What you are asked to do: Give back the exact lines of the material below from the one containing "What is a vp44 injection pump?" through the one containing "Silver 20 mm, About 100 sticks a pack", and no pictures.

Raw data:
# # # #

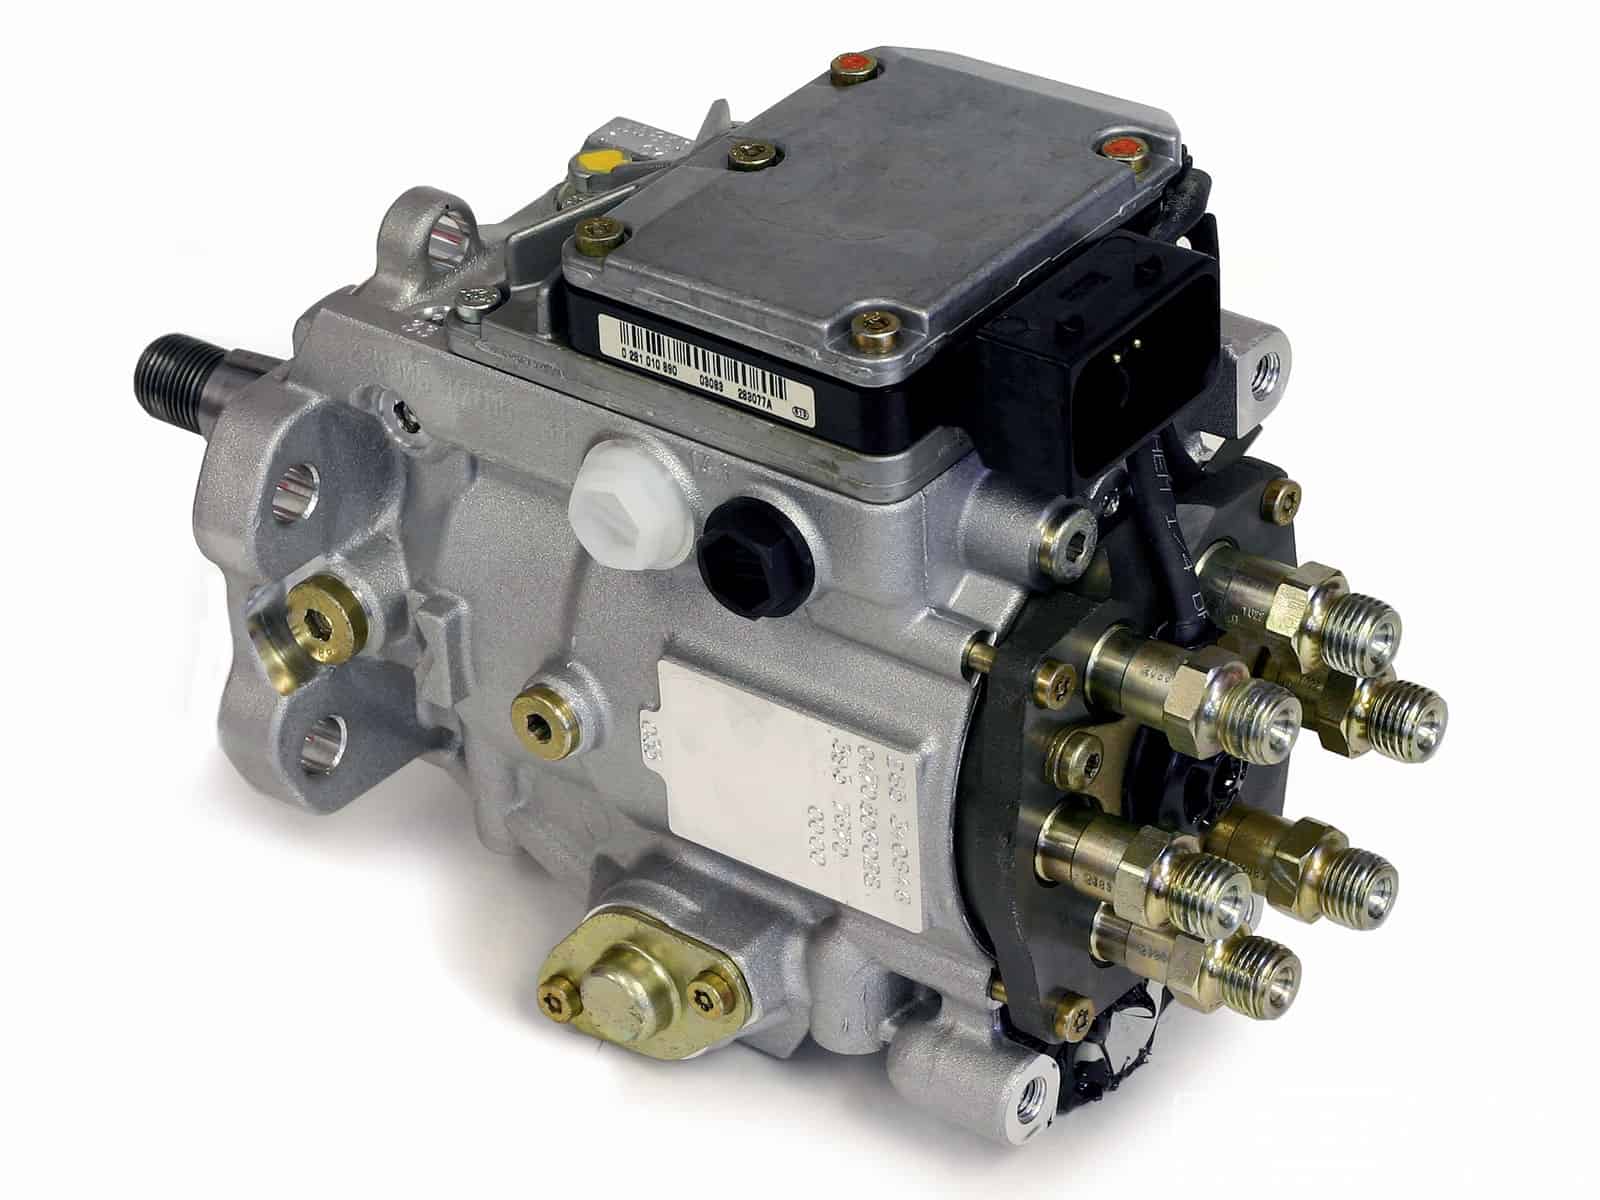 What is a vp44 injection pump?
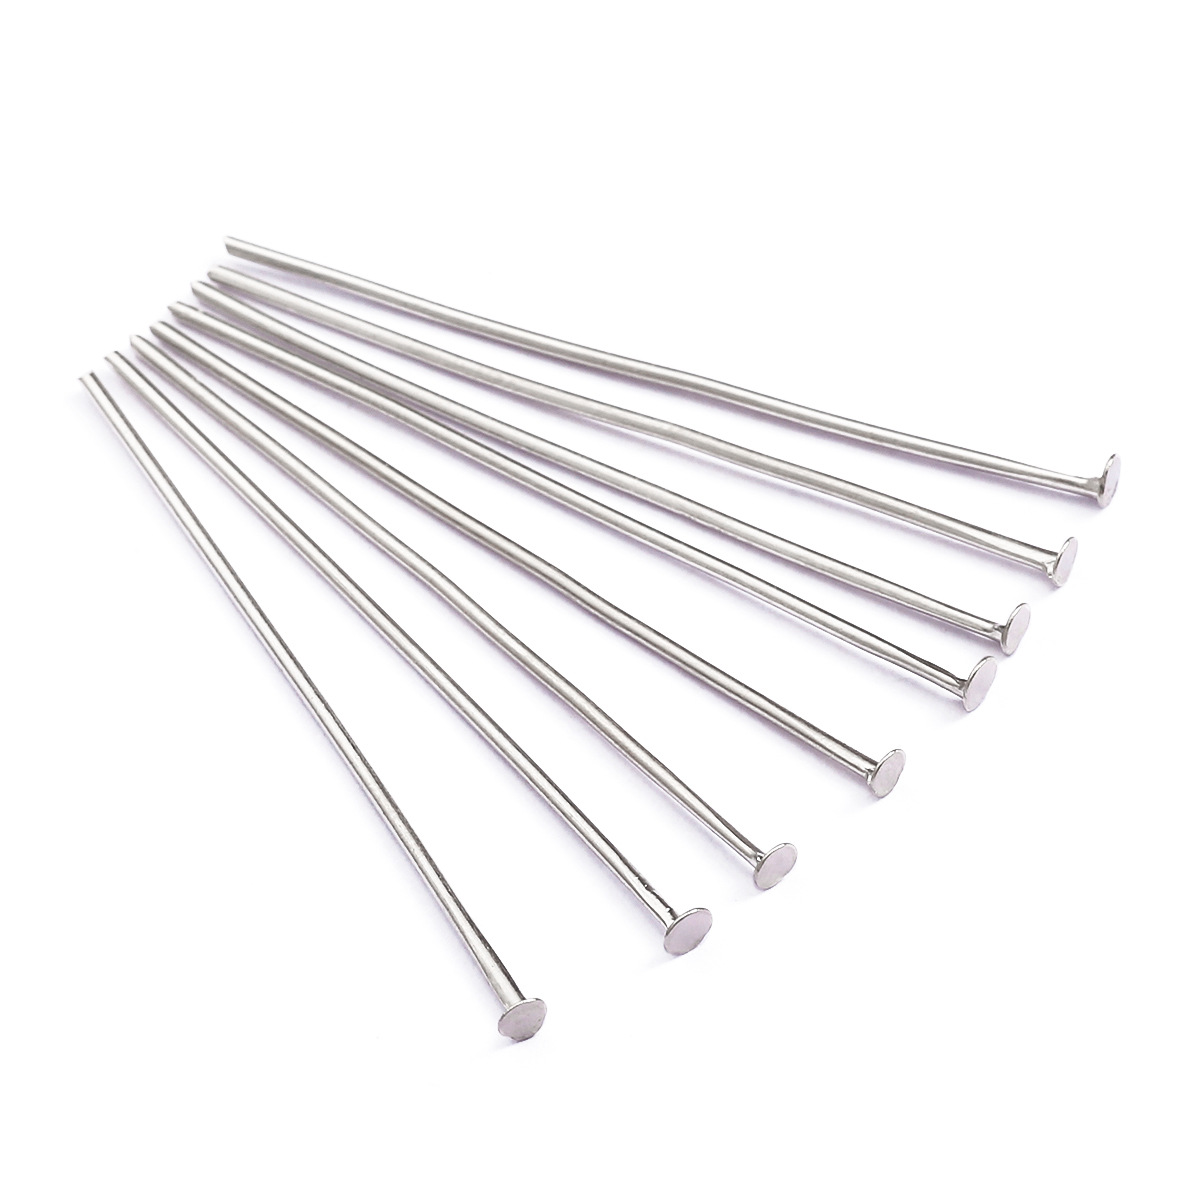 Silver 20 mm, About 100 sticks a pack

# # # #

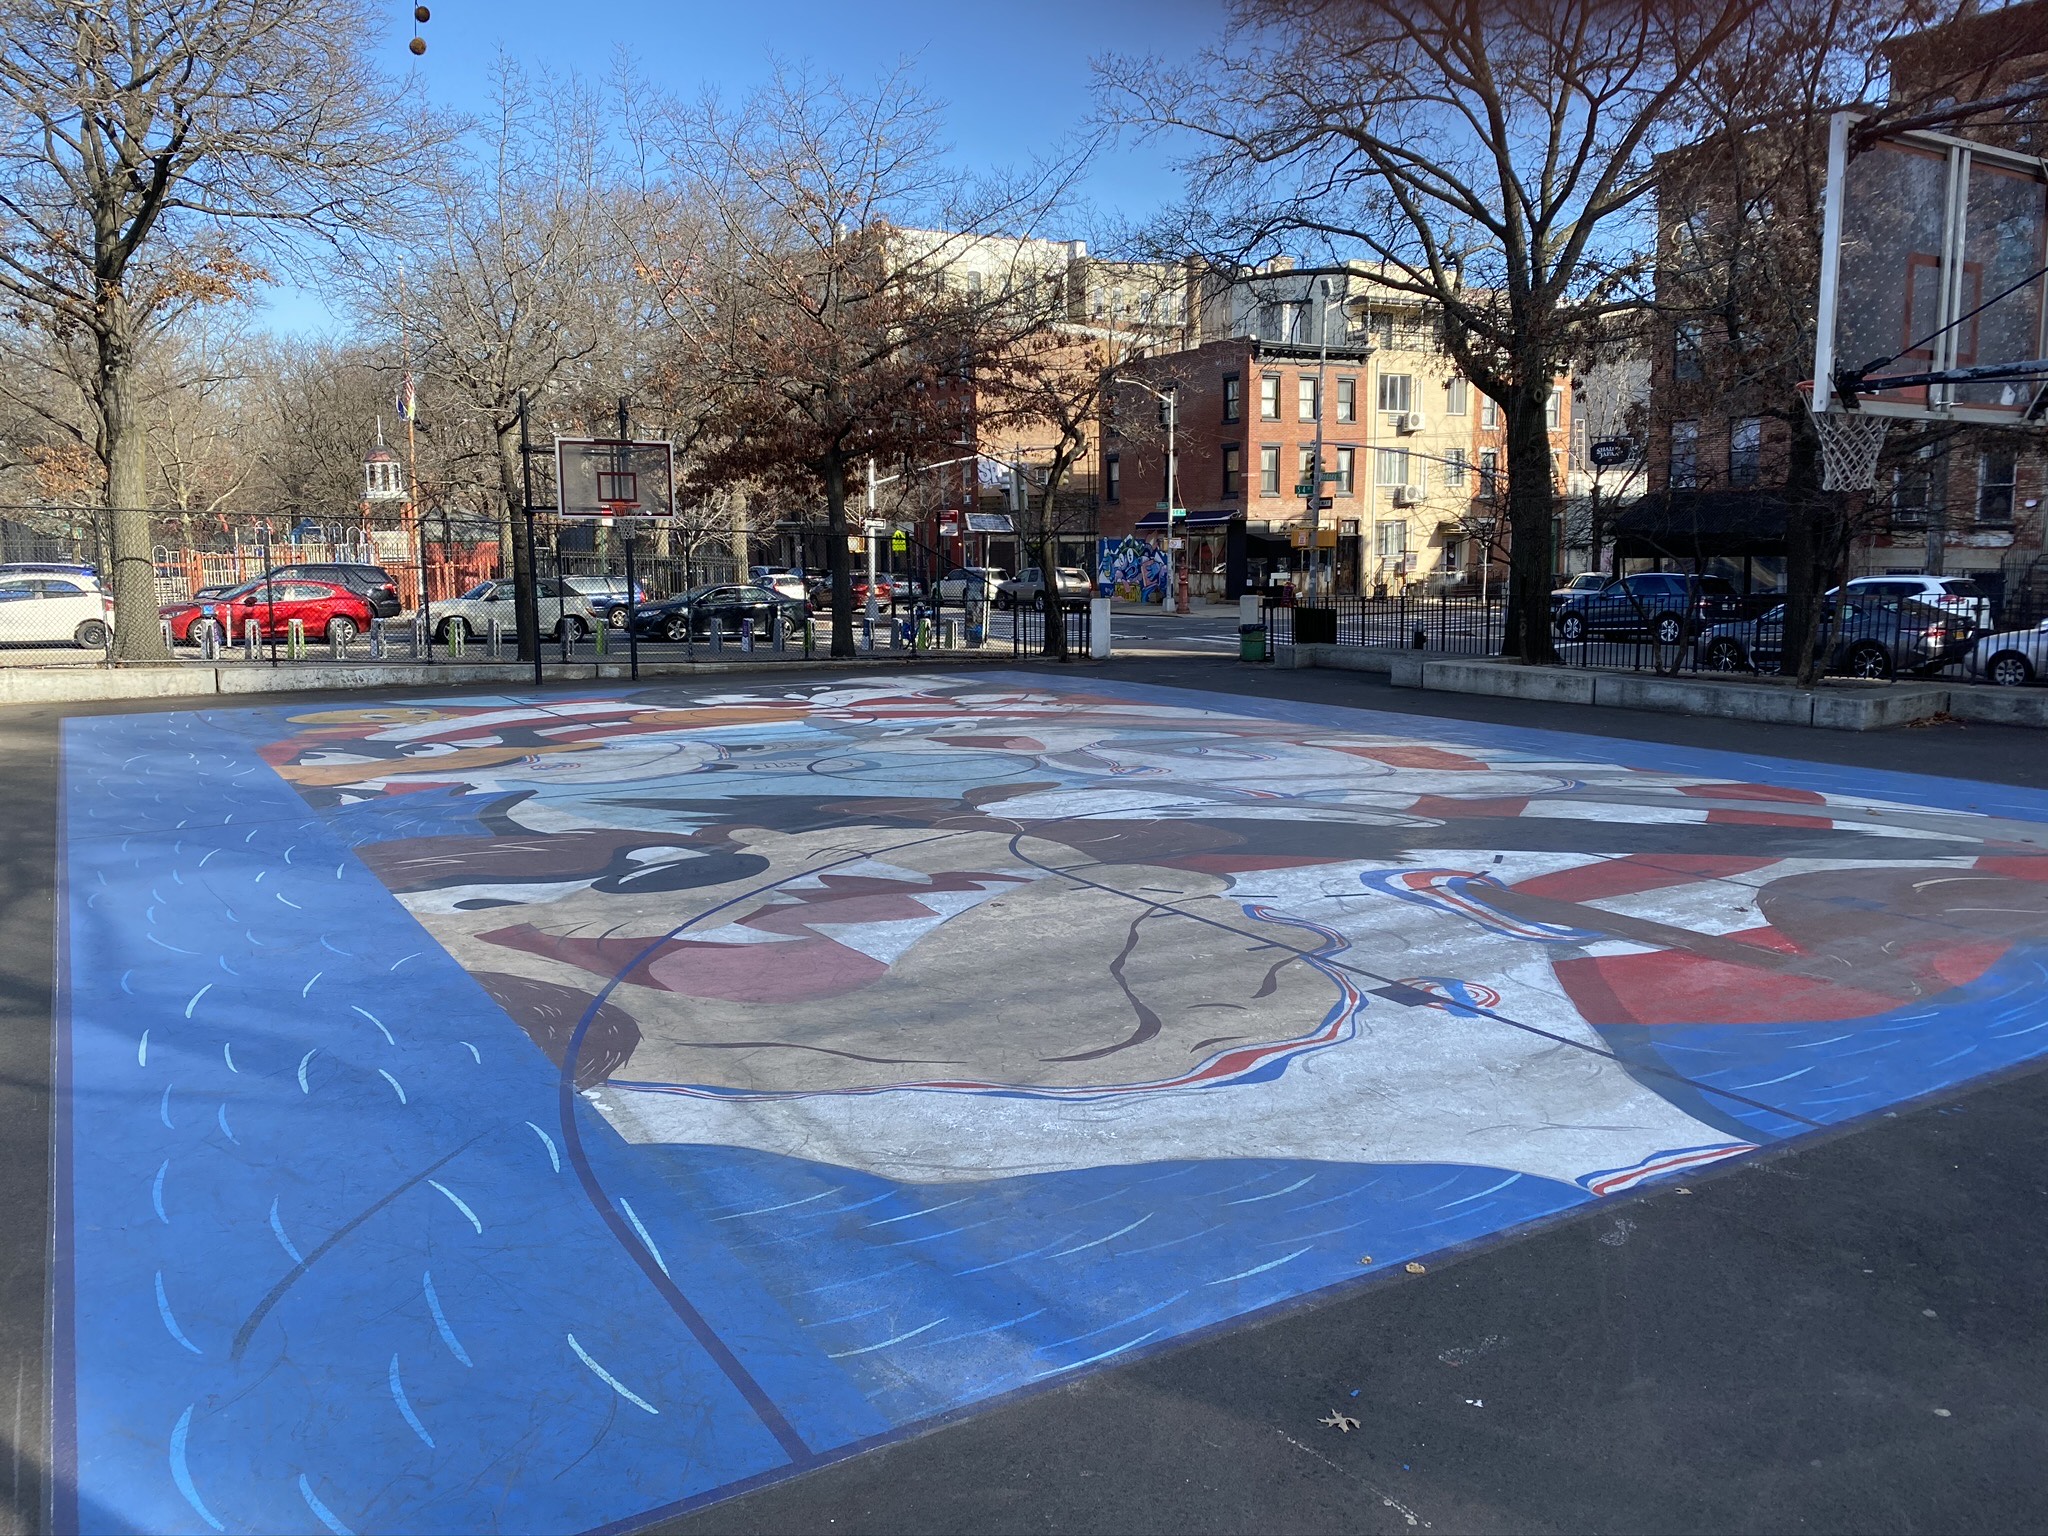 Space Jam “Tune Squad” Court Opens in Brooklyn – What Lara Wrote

# # # #

Solved problem:
 What is a vp44 injection pump?
 Silver 20 mm, About 100 sticks a pack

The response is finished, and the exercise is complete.